Note that $$ a_n=\left(1+\frac1n\right)^n\lt\left(1+\frac1n\right)^{n+1}=b_n $$ In this answer, it is shown that $a_n$ is an increasing sequence and $b_n$ is a decreasing sequence. Thus, $a_n$ is an increasing sequence bounded above by $a_n\lt b_n\lt b_1=4$ and $b_n$ is a decreasing sequence bounded below by $2=a_1\lt a_n\lt b_n$. Thus, both sequences converge.
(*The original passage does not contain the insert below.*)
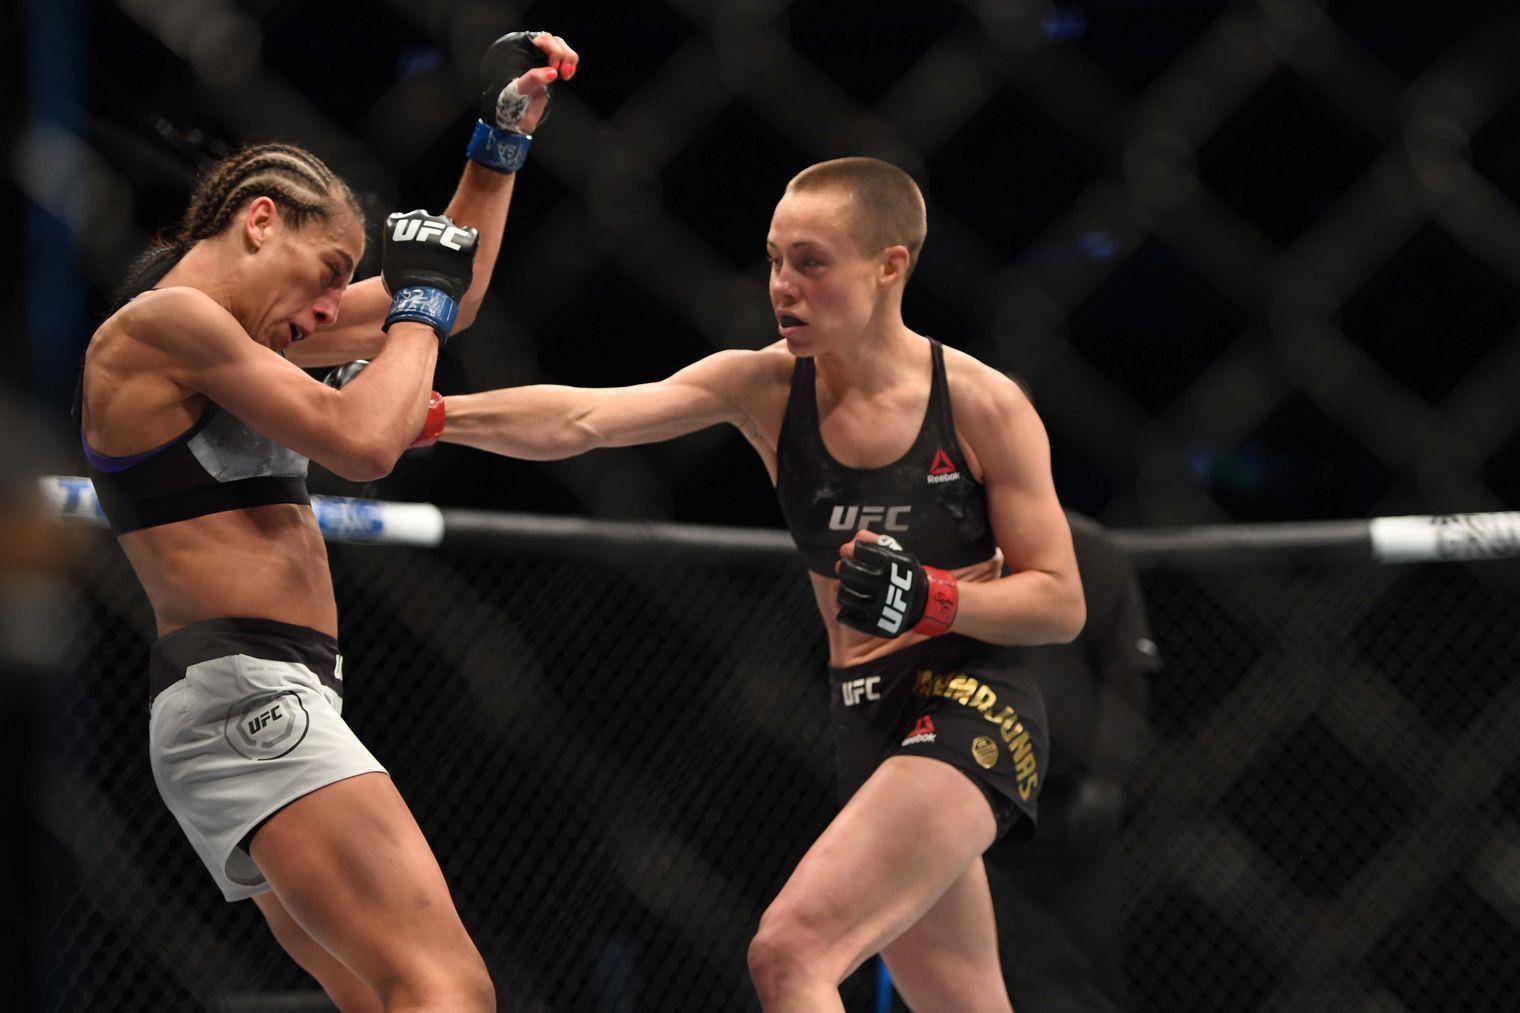 Rose Namajunas : She did it again   mma   Rose namajunas, Women boxing, Ufc fighters

Since $$ \lim_{n\to\infty}\frac{b_n}{a_n}=\lim_{n\to\infty}1+\frac1n=1 $$ the limits of both sequences are the same. Call that limit $e$, then we have $$ 2=a_1\lt\lim_{n\to\infty}a_n=e=\lim_{n\to\infty}b_n\lt b_1=4 $$ By computing $a_n$ and $b_n$ for large $n$, we can bound the value of $e$ as closely as we want.

Answer 4

Here is the "standard" proof:

Let $a_{n}= \left(1 + \frac{1}{n} \right)^{n}= \frac{(n+1)^n}{n^n}$.

Then

$$\frac{a_{n+1}}{a_n}=\frac{(n+2)^{n+1}}{(n+1)^{n+1}}\frac{n^n}{(n+1)^n}=\frac{(n+2)^{n+1}n^{n+1}}{(n+1)^{2n+2}}\frac{n+1}{n}$$

$$=\left( \frac{n^2+2n}{(n+1)^{2}}\right)^{n+1}\frac{n+1}{n}=\left( 1-\frac{1}{(n+1)^{2}}\right)^{n+1}\frac{n+1}{n}$$

Now, by Bernoulli

$$\left( 1-\frac{1}{(n+1)^{2}}\right)^{n+1}\geq 1-\frac{n+1}{(n+1)^{2}}=\frac{n}{n+1}$$

Thus

$$\frac{a_{n+1}}{a_n} \geq \frac{n}{n+1}\frac{n+1}{n}=1 \,.$$

This shows that $a_n$ is increasing.

Now, let

Let $b_{n}= \left(1 + \frac{1}{n} \right)^{n+1}= \frac{(n+1)^{n+1}}{n^{n+1}}$.

Then

$$\frac{b_n}{b_{n+1}}=\frac{(n+1)^{n+1}}{n^{n+1}}\frac{(n+1)^{n+2}}{(n+2)^{n+2}}=\left( \frac{(n+1)^2}{n(n+2)} \right)^{n+2}\frac{n}{n+1}$$

$$\geq \left(1+ \frac{n+2}{n(n+2)} \right)\frac{n}{n+1}=1$$

Thus $b_n$ is decreasing.

As $a_n \leq b_n$ it follows that $a_n$ is increasing and bounded from above by $b_1$..

Now, if we denote the limit of this sequence by $e$ (which is the historic definition), it can be proven from

$$\left(1 + \frac{1}{n} \right)^{n}=\left(1 + \frac{1}{n} \right)^{n+1} =e$$ that $(e^x)'=e^x$.